E.R: C'était étrange pour eux. Au départ, ils se sont dit en parlant de moi "mais qui c'est ce type qui vient de la Terre Promise?", un petit peu comme le D.R.H du film finalement. Mais cette expérience, je l'avais vécu pour La Fiancée Syrienne où j'étais amené à travaillé avec des druzes; ou même, dans Les Citronniers où je devais travailler avec des palestiniens. Je pense que le plus important résulte dans le fait de manifester du respect envers autrui. A ce moment précis, si vous témoignez du respect pour eux, automatiquement ils témoigneront du respect pour vous. Il faut essayer d'avoir des rapports les plus humains possibles avec eux. 

L.B: Votre précédent film Les Citronniers avait un côté tres "terre à terre", alors qu'ici il y a comme élévation. Qu'y a-t-il de spirituel dans votre film?

E.R: Je crois que cela tient essentiellement de l'intrigue de cette histoire. Mais je pense surtout que Jérusalem a eu le même effet sur moi que sur les personnages. Personnellement, je vie à Tel Aviv, ville finalement matérialiste, et je partage pleinement la même trajectoire que celle du D.R.H en arrivant à Jérusalem. Lui qui vit dans cette ville, ne sait pas du tout rendu compte de l'ampleur de toute cette spiritualité qu'il s'y dégageait. Jérusalem possède cette force mystique. J'ai envie de dire qu'on a l'impression qu'il s'agit d'une ville "aimant", que ce soit pour les chrétiens, les juifs, les musulmans. En tout cas, oui le personnage principal et moi avons fait le même cheminement.

L.B: Vous dîtes dans le dossier de presse, "nous avons tous une mission sur terre". Une fois réalisée, selon vous, à quoi servons-nous finalement?

E.R: Nous avons plusieurs missions sur terre. Je crois que lorsque l'on a vraiment "terminé" d'accomplir sa ou ses missions, on est mort quelque part. Aussi, je pense que la mission la plus fondamentale reste celle à faire le bien pour les autres. Une mission a pour particularité d'avoir une continuité avec d'autres: elles ne se "terminent" jamais. Il faut les poursuivre en permanence. Maintenant, si l'on a la forte impression d'avoir accompli Sa mission, si on La vraiment achevé, alors dans ce cas, je crois que l'on est un peu mort au fond de soi.

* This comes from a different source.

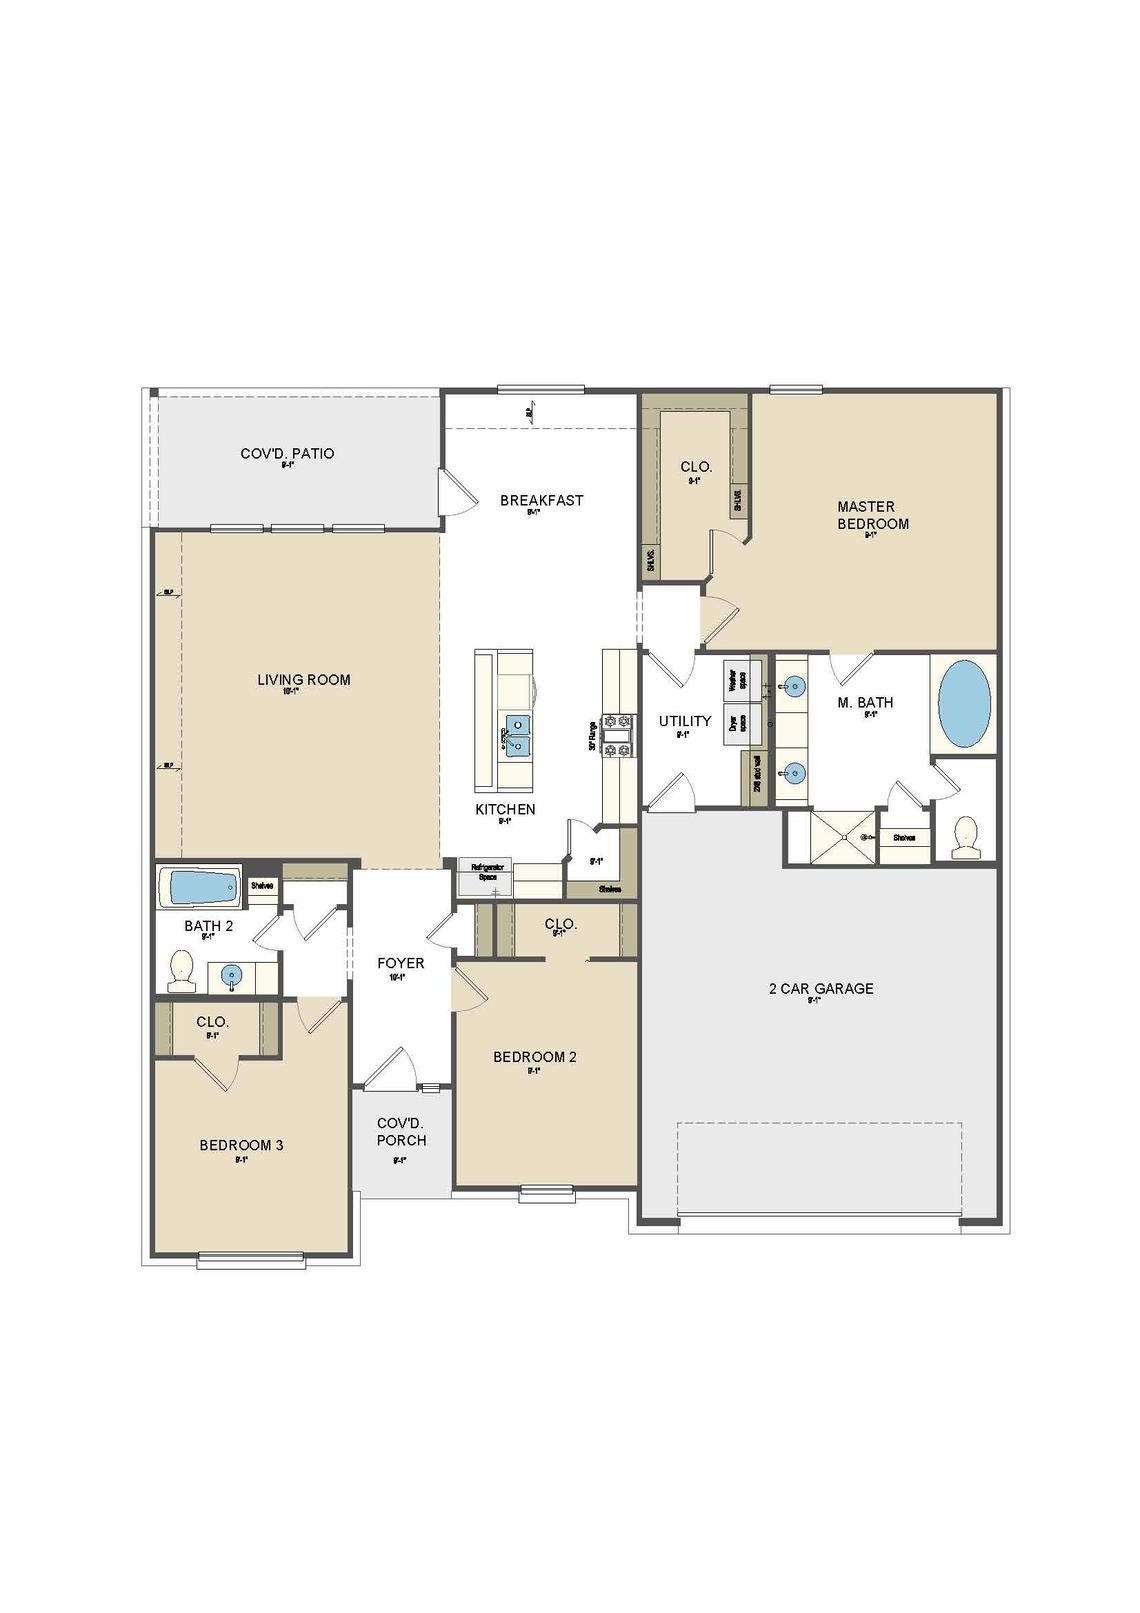 New home floor plan 1731 sq ft texas

L.B: Il y a un peu de rédemption tout de même…

E.R: L'exemple du D.R.H est fondamental: c'est un type, la quarantaine consommée, qui n'a vraiment jamais accompli de mission d'aucune sorte, jusqu'à présent. Cette mission qu'il a entrepris et réalisé en Roumanie sera comme le facteur déclencheur de la (nouvelle) vie qu'il attend à Jérusalem entouré de sa fille, de sa femme et de ses employés. Ce voyage sera en fait une sorte de renaissance. D'un point de vue spirituel, comme d'un point de vue pratique, ce film est une histoire assez classique d'une certaine forme de rédemption. C'est une rédemption tardive certes pour le D.R.H puisque c'est plutôt la vie qui a choisit de le mettre sur cette voie là.

L.B: Votre film est une belle parabole sur la Mort. Justement, un tel périple permet-il de redécouvrir la vie d'un homme?

E.R: Je pense que c'est profondément inscrit dans la tradition juive, puisque l'on est censé faire le deuil pendant sept jours (la Shiva); on est censé parler du mort et en même temps on s'aperçoit que l'on parle de soi. Ce que vous dîtes est fort vrai, on se redécouvre soi même. Alors maintenant il est vrai que la défunte Yulia n'est pas juive, mais finalement c'est un peu comme si elle accomplissait cette shiva. Ainsi, le personnage du D.R.H redecouvre, en effet, d'un œil nouveau, sa fille à travers le fils de la défunte et à travers le mari de cette femme, il redécouvre sa propre épouse. Yulia, bien qu'elle soit morte, c'est elle qui fait avancer le film.